It helps if the users know something about the data.  This is not quite
the same as validation, but it is related.  Validation can tell you if
the code is properly formed via some process; familiarity can tell you
if it "feels right" because you know something about the context.
Thus, ICD codes for disease would confuse a patient, but not a medical
record clerk.

Validation:

Can you look at the data value and tell that it is wrong, without using
an external source?  For example, I know that '2004-02-30' is not a
valid date because no such day exists on the Common Era calendar.
Check digits and fixed format codes are one way of obtaining this.

Verifiability:

How do I verify a key?  This also comes in context and in levels of
trust.  When I cash a check at the supermarket, they are willing to
believe that the photo on the driver's license I present is really me,
no matter how ugly it is.  Or rather, they used to believe it was I;
Kroger's grocery store chain is putting an ink-less fingerprinting
system in place, just like many banks have done.

When I get a passport, I need a birth certificate and fingerprinting.
There is a little less trust here.  When I get a security clearance, I
also need to be investigated.  There is a lot less trust.

A key without a verification method has no data integrity and will lead
the accumulation of bad data.

Simplicity:

A key should be as simple as possible, but no simpler.  People, reports
and other systems will use the keys.  Long, complex keys are more
subject to error.  One man's simple is another man's complex.  For an
example of a horribly complex code that is in common international
usage, look up the IBAN (International Standard Bank Number).

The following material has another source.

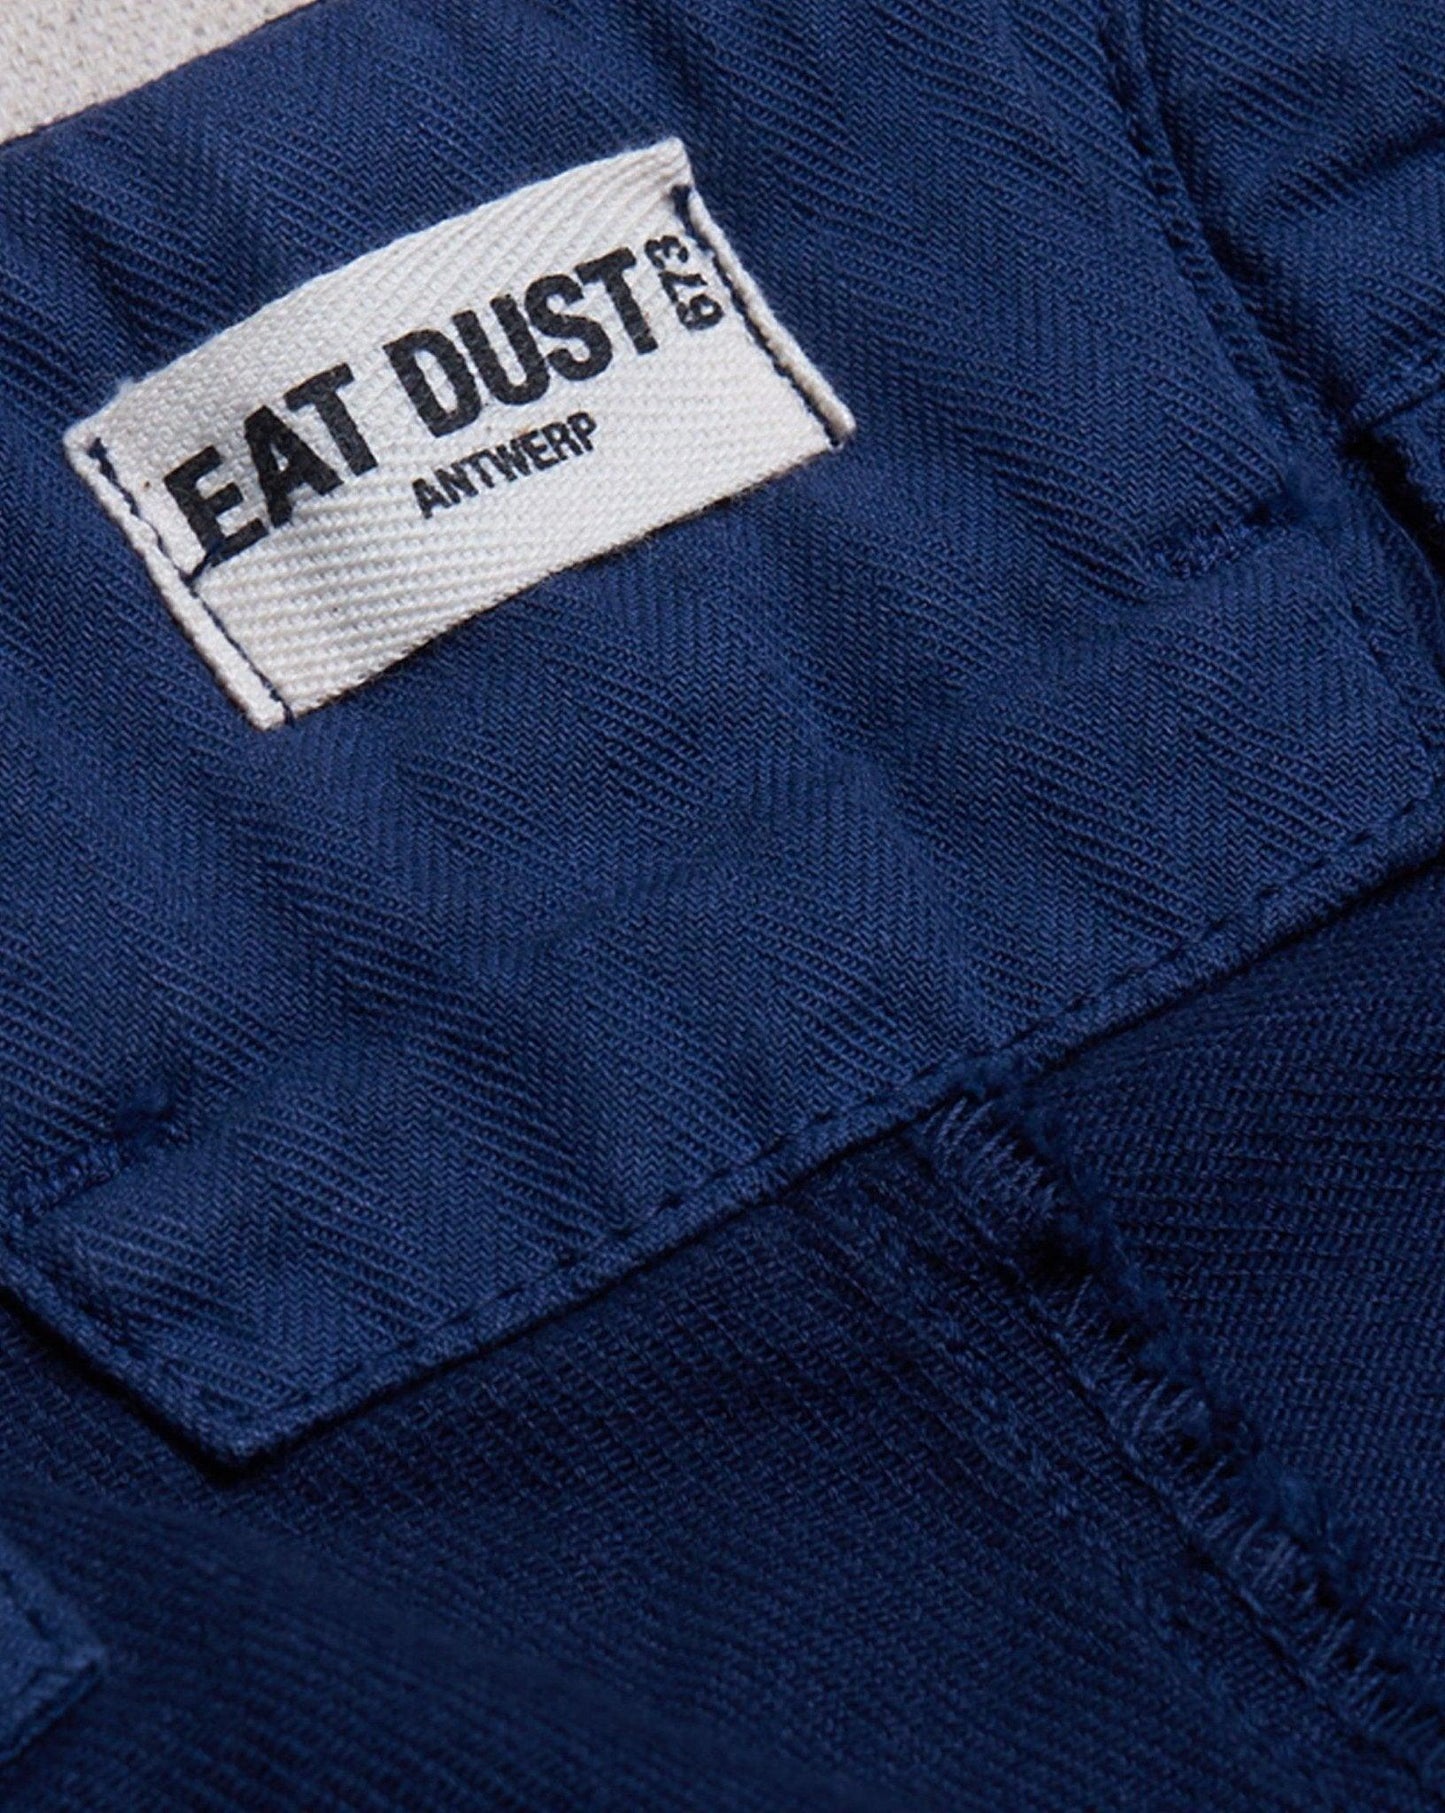 Eat Dust Cotton Twill Combat Pant - Industrial Blue -Eat Dust - URAHARA

>> at the time Codd made his assumptions computer systems were not
nearly sophisticated enough nor fast enough to keep up with users.
Thus, having meaningful keys improved overall performance because users
could, at times, get information from a key and avoid having to query
the system itself. However, as systems have gotten far more
sophisticated and far more powerful, this is less true. <<

That is just dead wrong. RDBMS was considered impractical in Codd's
day!  Read the history.  One of the complaints was that the longer
relational keys could not keep up with the pointer chains and indexing
used at the time.

Look at the internals of IDMS, IMS, Total, et al in the 1970's.  The
file systems and early DBMS systems used record numbering, pointer
chains, indexes, hash tables and all kinds of physical locators instead
of meaningful keys.  All the linkages for traversals are done by the
machine, not in the data model.  Increased word size, processor speeds
and paralellism are what made RDBMS possible.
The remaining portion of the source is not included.